As businesses brace for the economic impact, several trade groups are urging the federal government to take steps to help counteract the drastic drop in foreign investments and preserve desperately-needed liquidity.
The steps are designed to help stave off the expected lack of cashflow for small and medium-sized businesses.
“We are trying to make progress on a national crisis, in terms of saving our employees and our companies, where millions of Mexicans work, to lessen the economic burden it provides for them,” said Carlos Salazar, the president of the business coordinating council (CCE) during a 19 March online press conference.
Moody’s Analytics has estimated that the Mexican economy could contract as much as 2.3% in the coming year. It anticipates that the currency depreciation and inflation rebound will result in the government maintaining a tighter fiscal and monetary policy to stave off future instability.
However, these are measures that industry advocates are begging the government not to implement immediately, until the crisis at hand has passed.
“These are practical steps that will be effective in the short term, to help our workers and our consumers,” Salazar said. “We are not asking for subsidies - this is not a mistaken request to simply boost the private sector.
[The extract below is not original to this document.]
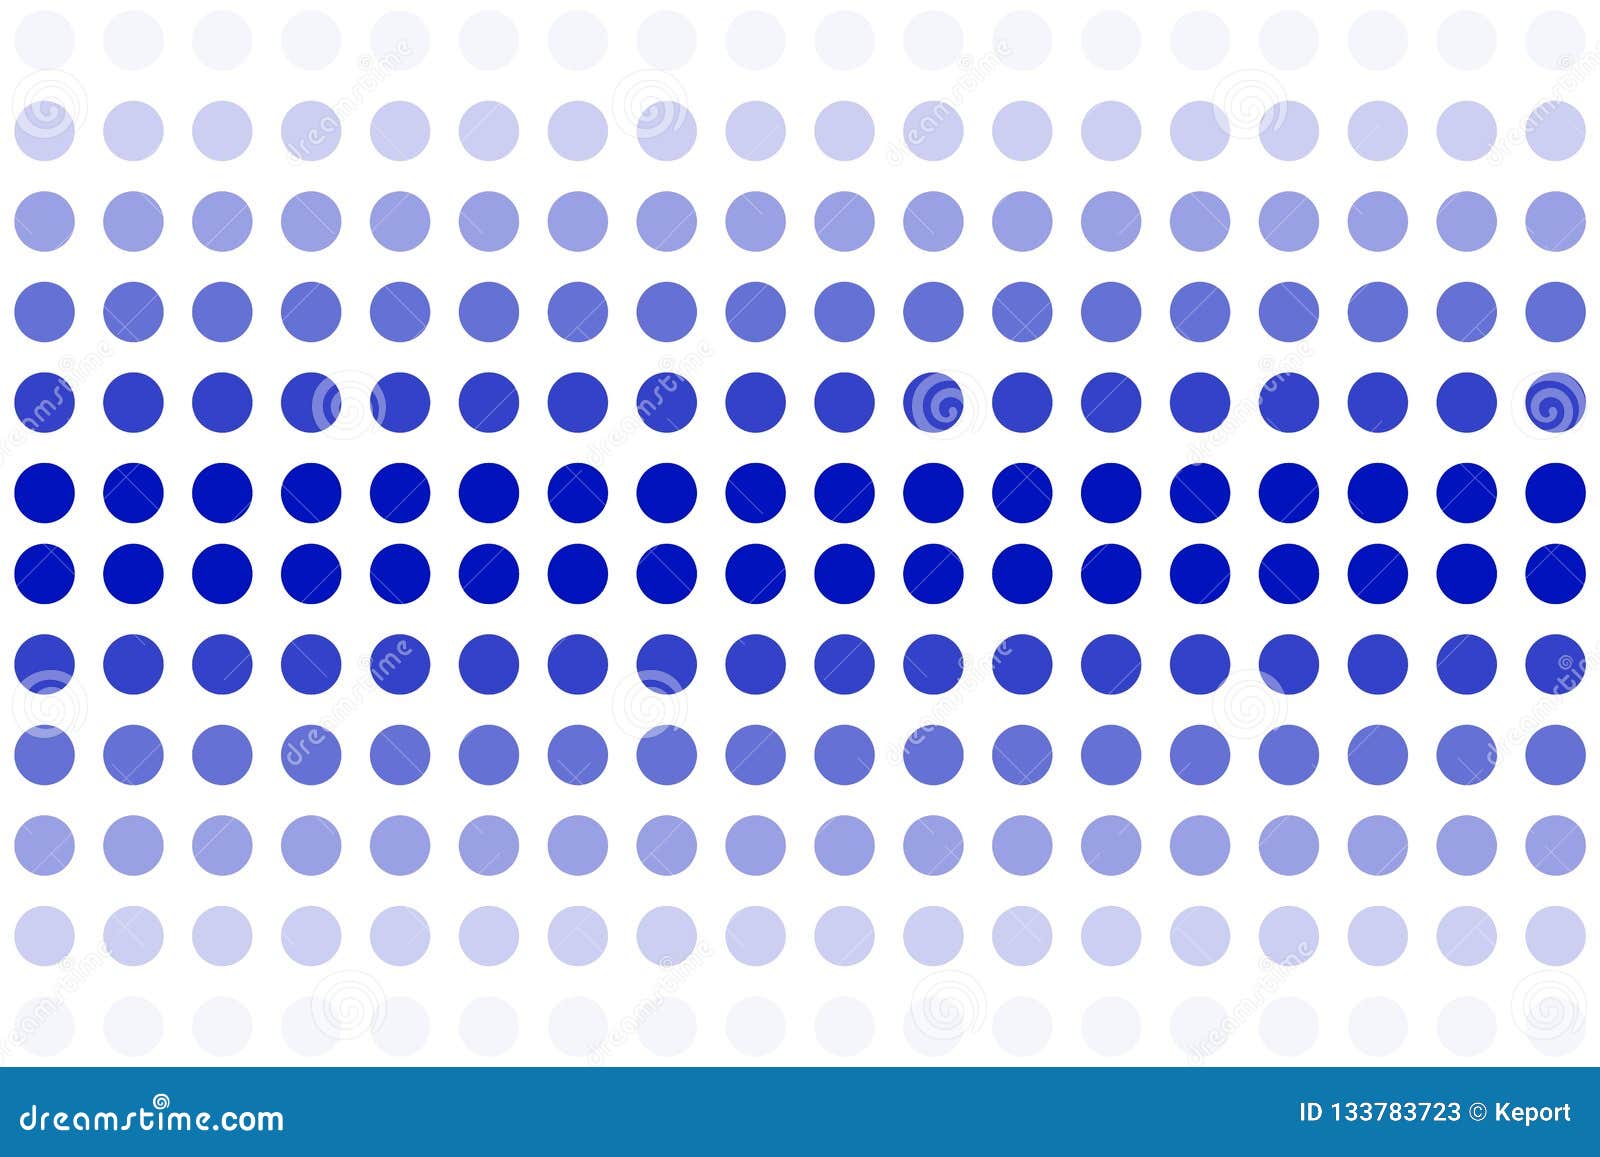 Hình nền chấm xoáy màu xanh dương với gradient sẽ mang đến cho bạn sự thư giãn và yên bình. Bạn có thể sử dụng hình ảnh này làm hình nền cho điện thoại hoặc máy tính của mình. Hãy xem hình ảnh liên quan để cảm nhận được vẻ đẹp trực quan của nó.

We are trying to figure out how to rescue companies so that they can continue to operate.”
One key recommendation is for the federal government to reallocate funds to stimulate the economy.
Mexico currently has a target of maintaining a 1% surplus of its annual GDP - a target that these business organisations say needs to be set aside during these emergency conditions.
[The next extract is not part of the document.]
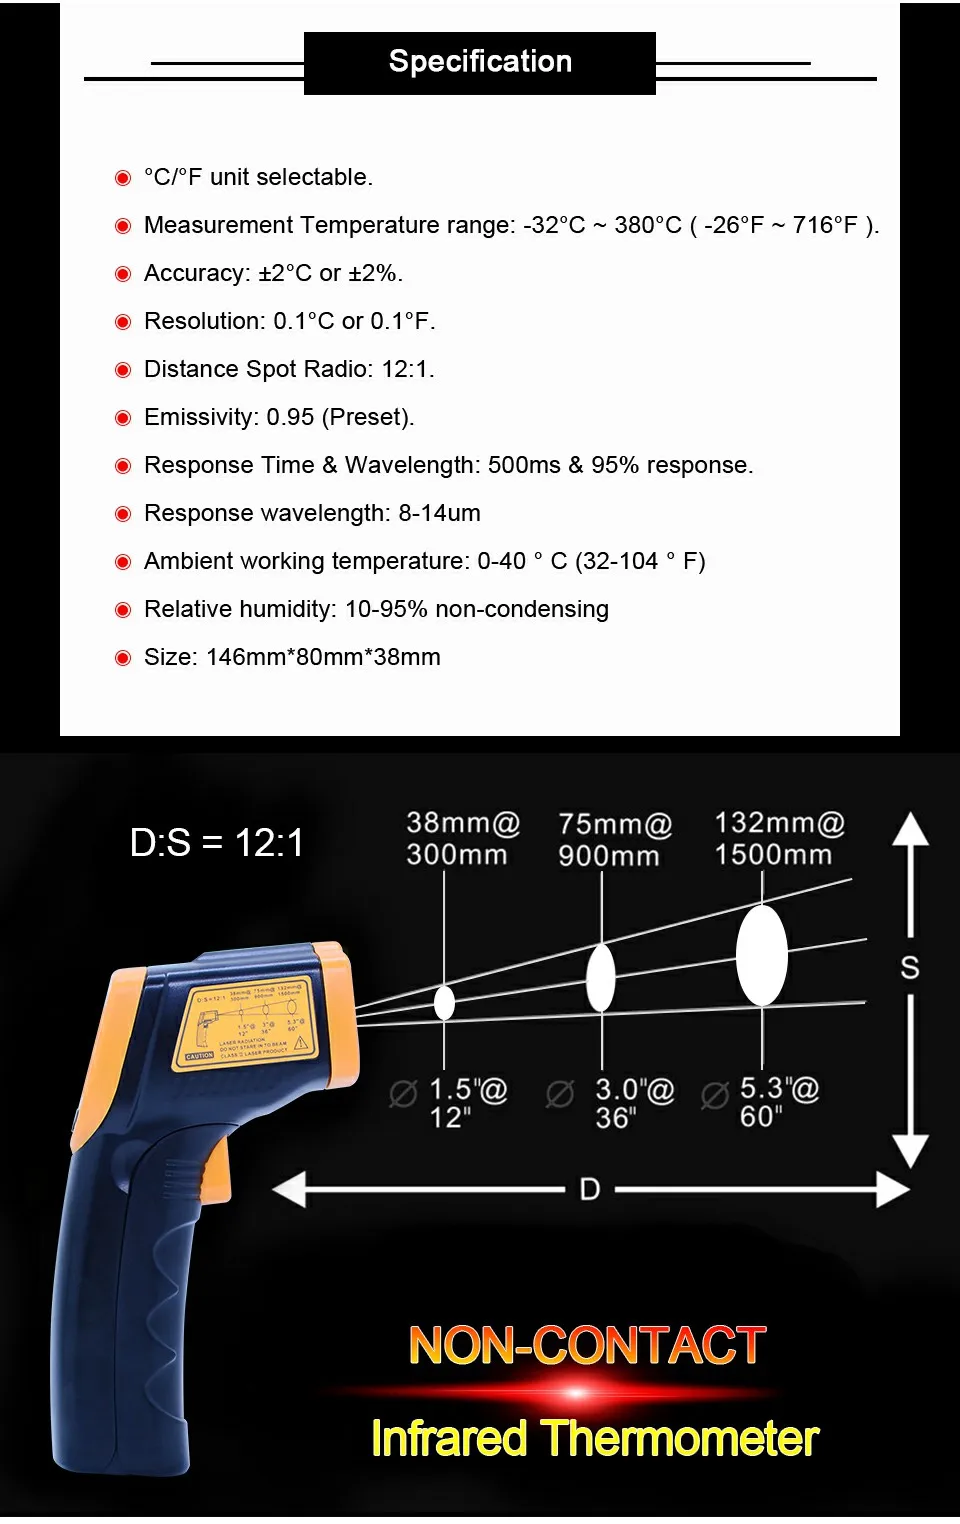 AR320 инфракрасный термометр цифровой ИК термометр Бесконтактный ИК лазерный точечный пистолет пирометр-32C~ 380C(-26F-716F) Удержание данных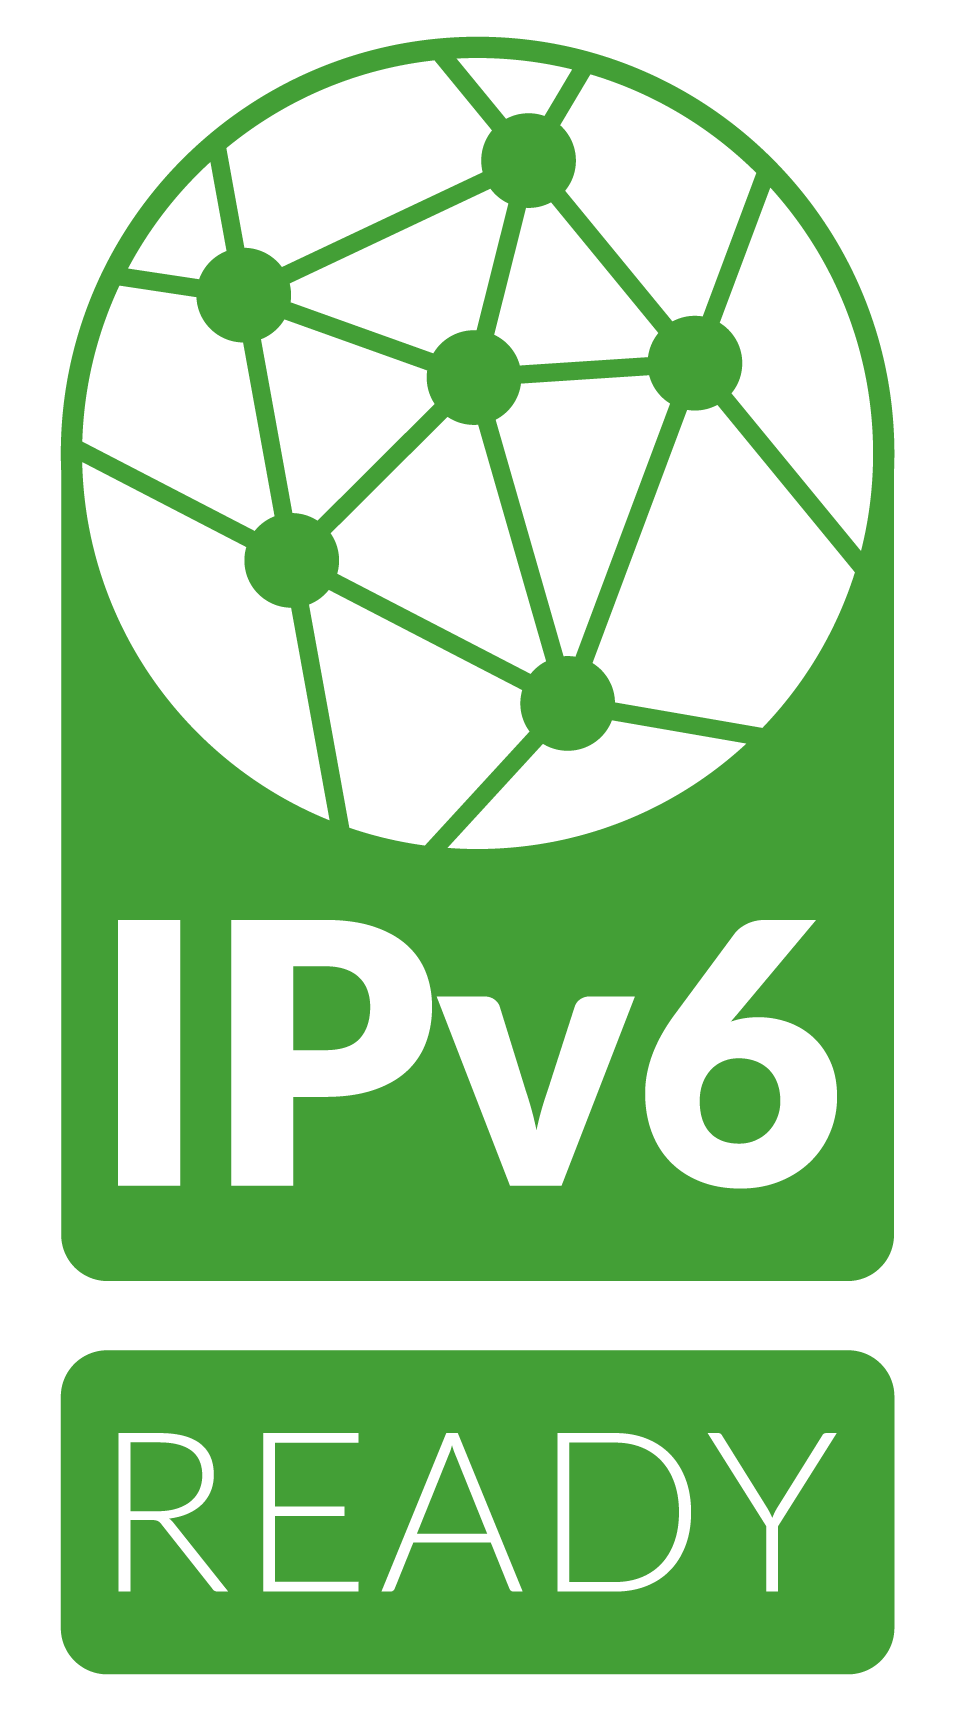 IPv6 READY

Groups are also calling for greater energy sector public-private cooperation, by leveraging the Private Sector-Government Infrastructure Investment Agreement that was signed last December. This agreement aims to enable the private sector to fund 147 new projects between 2020 and 2024.
Business organisations have also recommended the federal government provide subsistence wages to any employees with jobs that have been cut due to economic contraction.
Alicia Barcena, executive secretary of the UN Economic Commission for Latin America and the Caribbean, said in a 19 March online presentation that aid for Mexico’s vulnerable will need to be supplemented with cash transfers, unemployment insurance and support to the informal sector, which makes up roughly half of Mexico’s workforce.
Industrial trade group Canacintra has asked for 100% of its social security payments that it makes for employees to be covered by the federal government, representing one of the most drastic measures proposed.
Canacintra, reflecting the tremendous pressure Mexico’s manufacturing sector is under from the disrupted supply chain, also is seeking a return of VAT taxes by the end of March, and for immediate deductions for working capital. It is also requesting a 90-day credit for electricity payments and a suspension of all audits.
Business leaders are also pushing for state-run Pemex and CFE to be prompt with payments for suppliers, something Pemex promised to do in its most recent earnings call. Contractors to both companies have frequently complained about difficulties in collecting payments.
Low oil prices and Mexico’s reliance on Pemex to fund the government via tax revenue could make deferrals of payments to suppliers tempting, but CCE notes it would be devastating for small business.
“Pemex has a very complex cost structure and a high level of fixed income, so facing a crisis like this is very difficult,” said Rosanety Barrios, a former senior official at energy ministry SENER.
“Companies need more liquidity than the government right now,” the CCE said in a 19 March statement.